==== SOURCE MATERIAL
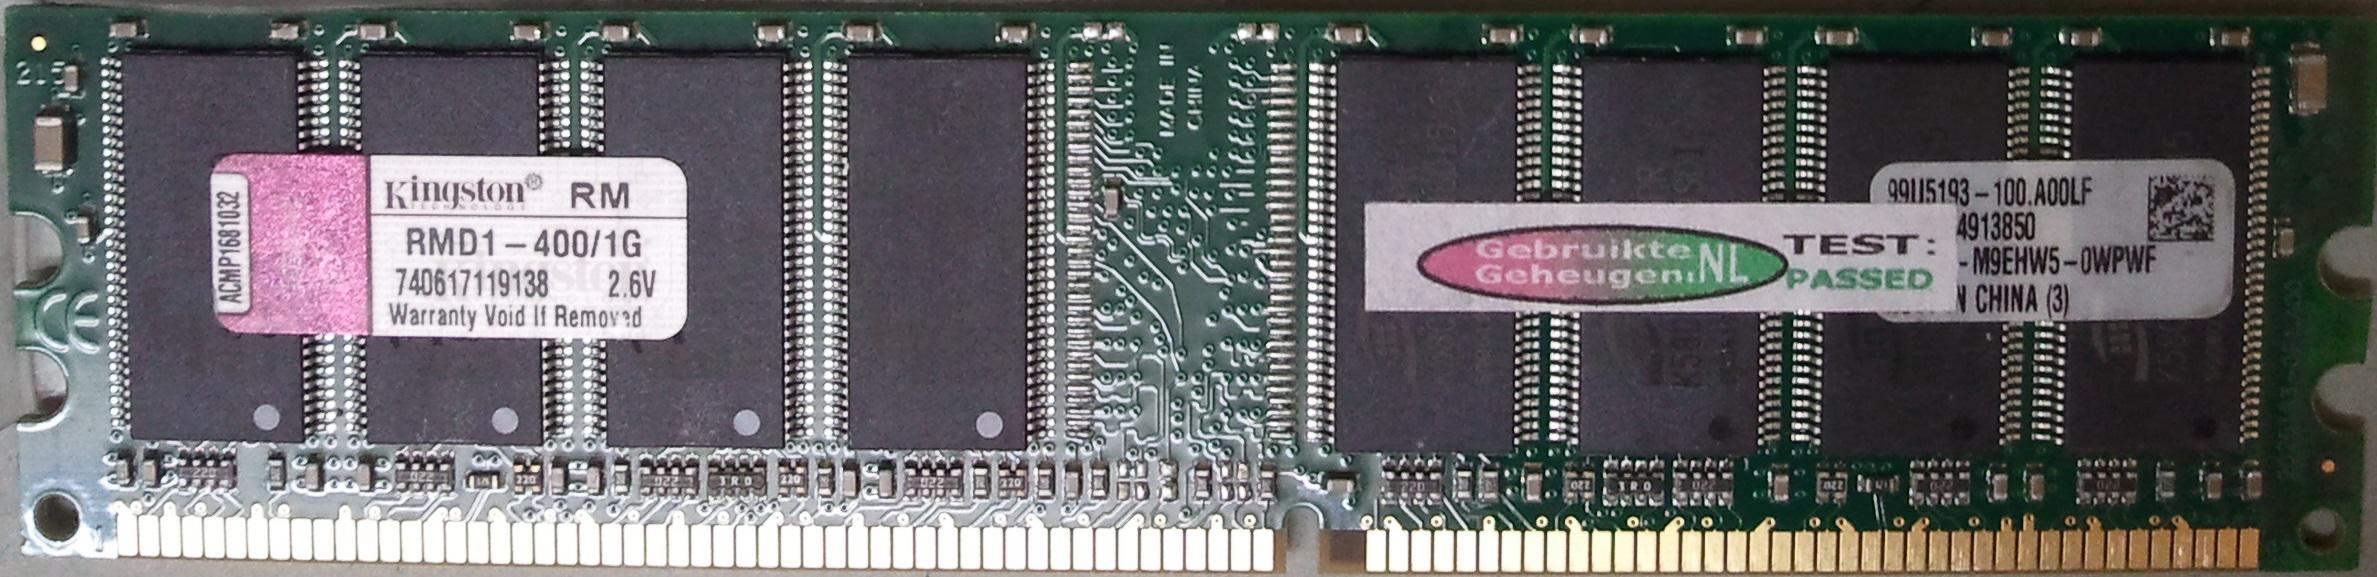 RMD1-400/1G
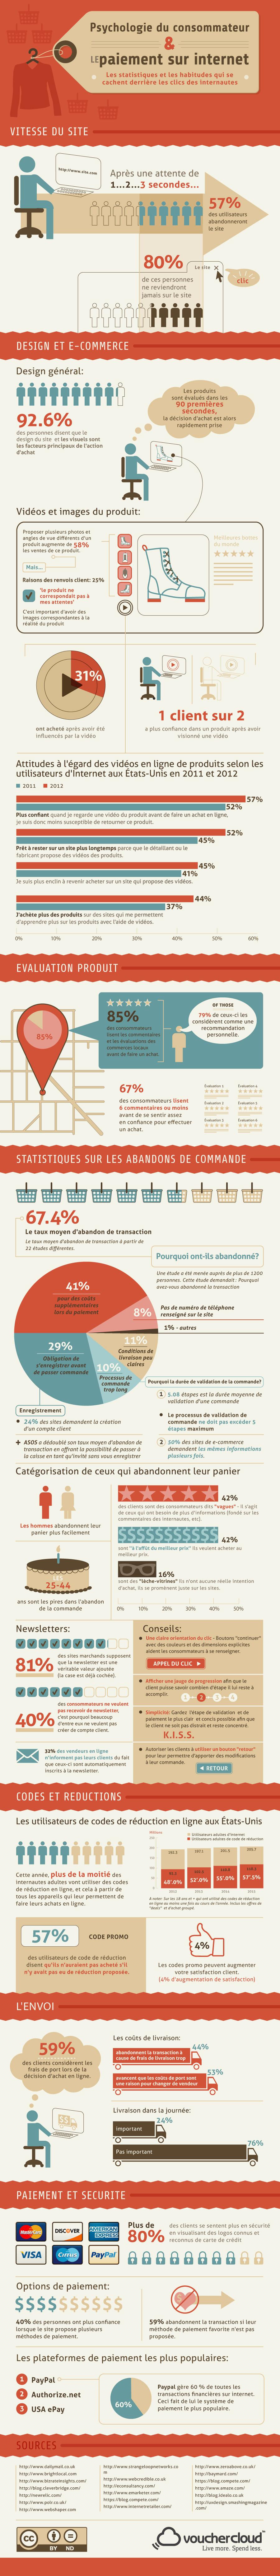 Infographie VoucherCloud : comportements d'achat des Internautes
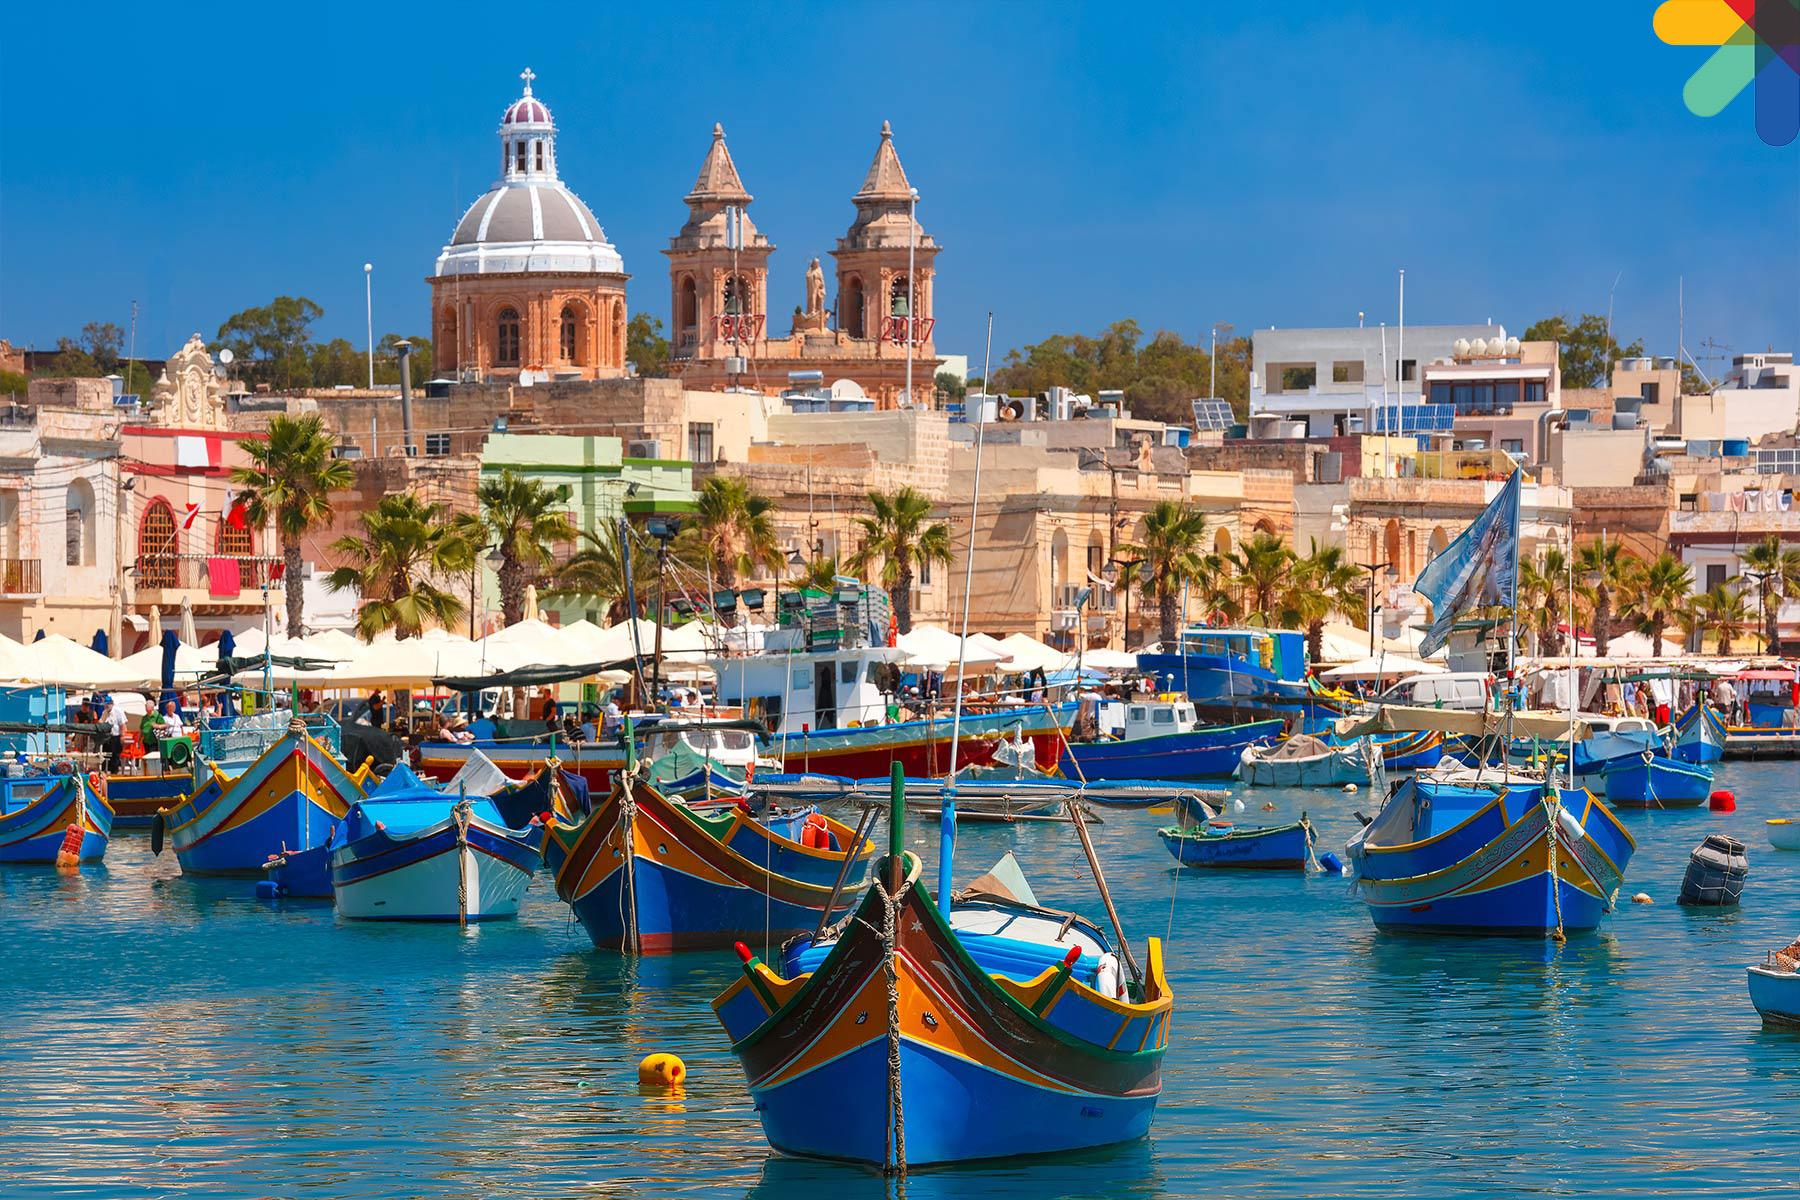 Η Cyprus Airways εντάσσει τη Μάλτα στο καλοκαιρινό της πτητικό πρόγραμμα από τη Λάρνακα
========
== WORK REQUEST ==
The task calls for repeating each line above exactly while excluding the pictures.

== SOLUTION TO THE EXERCISE ==
 RMD1-400/1G
 Infographie VoucherCloud : comportements d'achat des Internautes
 Η Cyprus Airways εντάσσει τη Μάλτα στο καλοκαιρινό της πτητικό πρόγραμμα από τη Λάρνακα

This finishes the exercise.